Physicians taking the Internal Medicine KCI in 2018 reported that the assessment more closely aligned with their practice. Only 11% responded negatively to a post-assessment question asking if the examination was a fair assessment of clinical knowledge in the discipline, compared with 14% for the 10-year 2018 MOC exam. Of note, in 2017 23% responded negatively to that question after taking the MOC assessment, highlighting the increasing perception of relevance of the questions included on the exam.

KCI’s in all other subspecialties will be rolled out in subsequent years, with cardiovascular disease available this year.

To more closely align with how physicians look up information in their day-to-day practice, in 2018, ABIM introduced access to an online resource, UpToDate®, during the Knowledge Check-In and traditional MOC exams. This approach is novel to the testing environment and was informed by an evidence-based study in which 800 doctors participated to help ABIM determine the feasibility and impact of incorporating electronic resources into traditional MOC exams. The results indicated that access to resources reduced physicians’ anxiety about the exam and actually enhanced the exam’s capacity to differentiate between those likely to pass versus fail. Although UpToDate® is popular with general internists, ABIM continues to explore the potential for other external resources to be incorporated into MOC assessments, especially for subspecialty assessments.

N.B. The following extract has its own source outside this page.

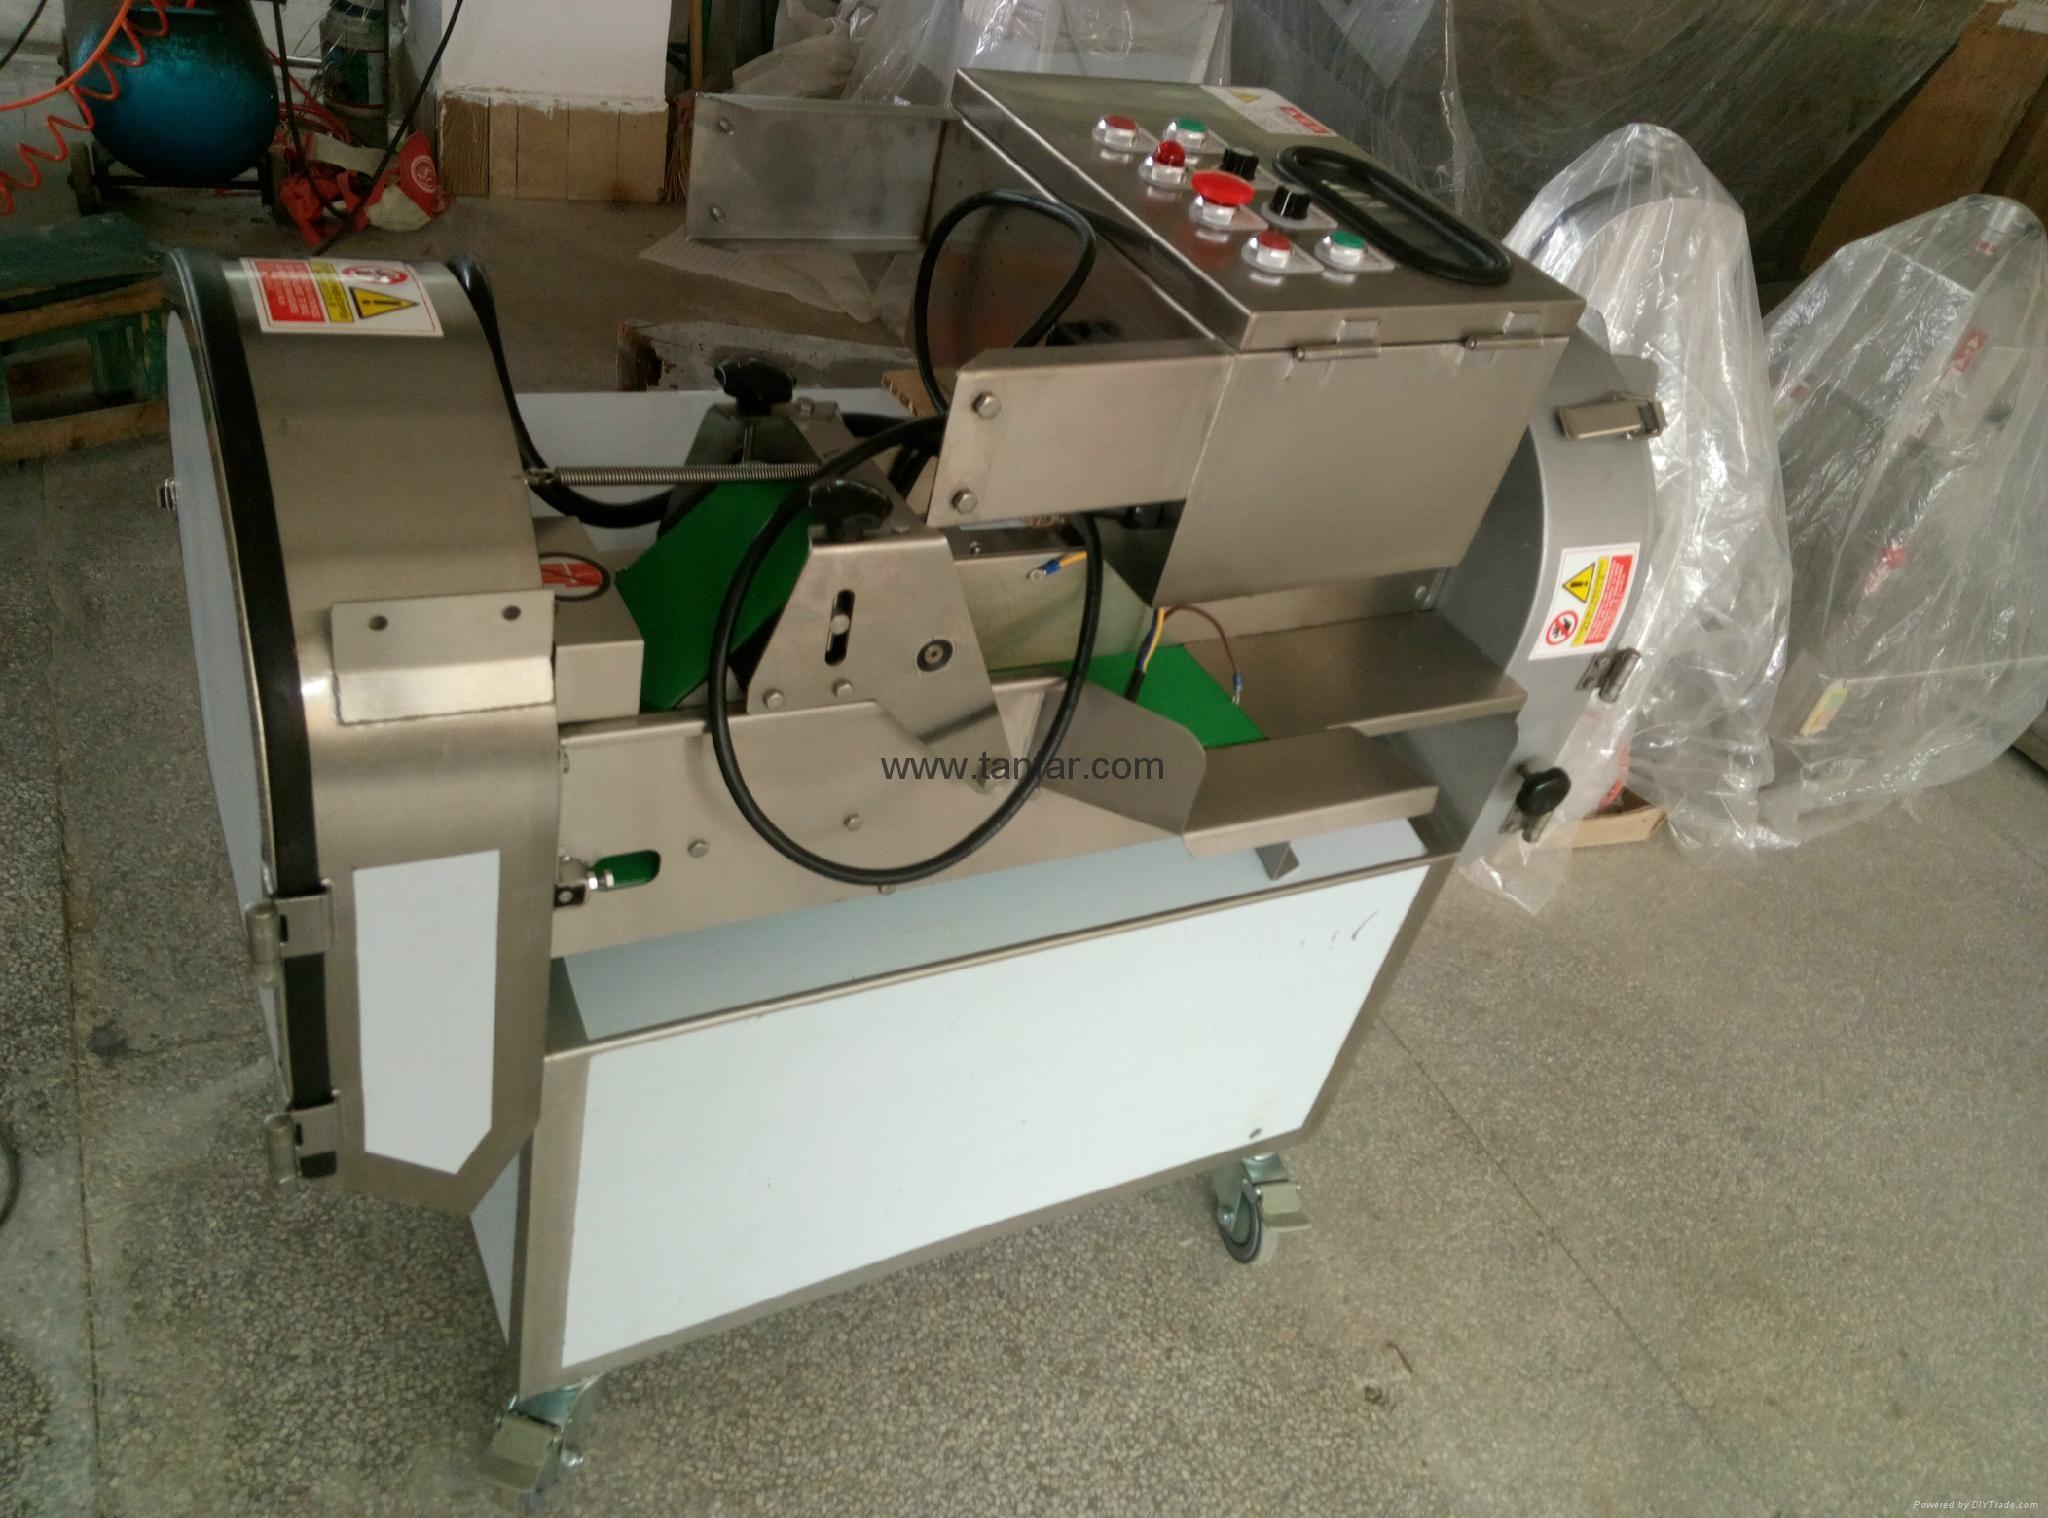 Suzumo SVC-ATC (Automatic Sushi Rolls Cutter) 19

ABIM has traditionally enjoyed a symbiotic relationship with medical specialty societies whereby they provide formative learning activities, and ABIM delivers a summative assessment of that knowledge. As more is understood about adult-learning theories and the collective medical community seeks reliable mechanisms to gain and assess knowledge, ABIM has devoted considerable resources to exploring new relationships and models with society partners.

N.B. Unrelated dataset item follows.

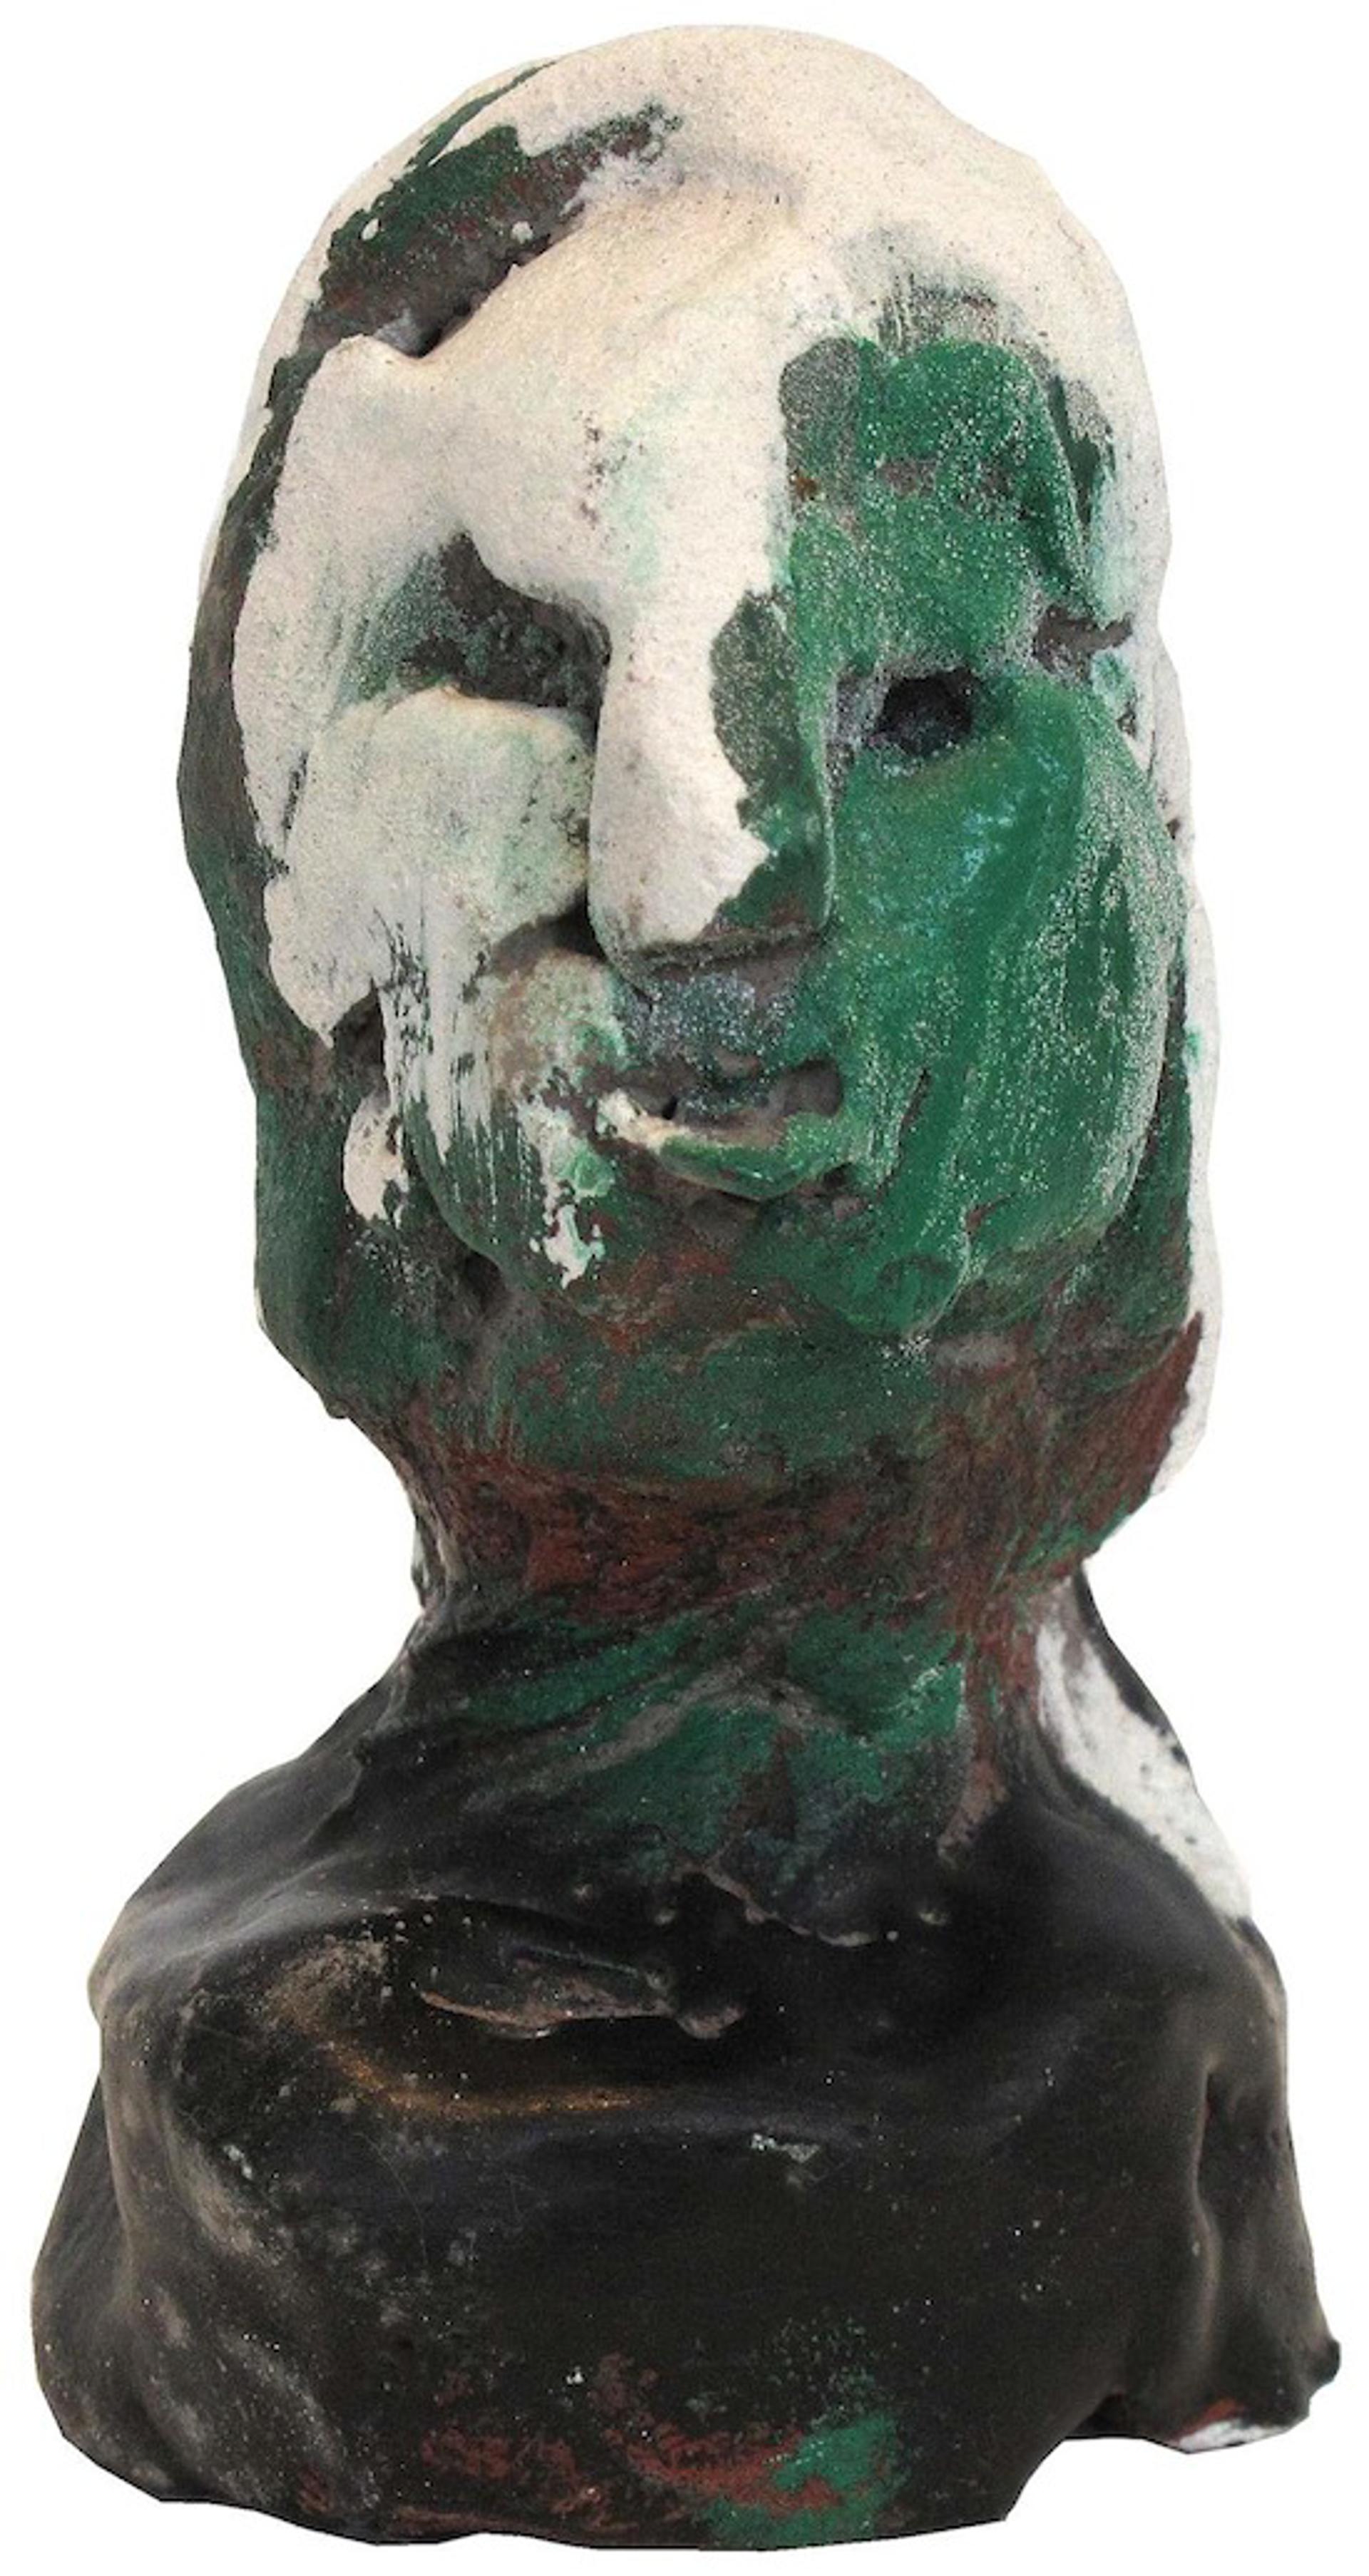 Green Face White Hair by James Havard

ABIM has expressed an openness to working with any organization in the internal medicine community that agrees to a set of guiding principles, and in September 2017, it released a joint statement with the American College of Cardiology (ACC), American College of Physicians (ACP) and the American Society of Clinical Oncology (ASCO) formally announcing a Memorandum of Understanding with each organization to explore development of collaborative maintenance of certification pathways.  In January 2019, a similar announcement was made with four societies representing gastroenterologists and hepatologists. The Cardiovascular Board is intimately involved in this effort, and along with staff, will work with cardiovascular medical societies to explore collaboration and development of maintenance pathways through which physicians could choose to maintain board certification. An update on this work is expected in March 2019.

In Closing

A verifiable mechanism to ensure physicians stay current with the advances in medicine provides value to all stakeholders across the health care ecosystem. While the MOC program may not be the perfect tool or the one all physicians agree upon, ABIM has redoubled efforts to engage the clinician community to enhance the program and augment its value. In an internet era where unverifiable expertise can easily be claimed, having a professionally created credential that speaks to special expertise–and the maintenance of that expertise over the course of a career–is even more important now than it was in 1865.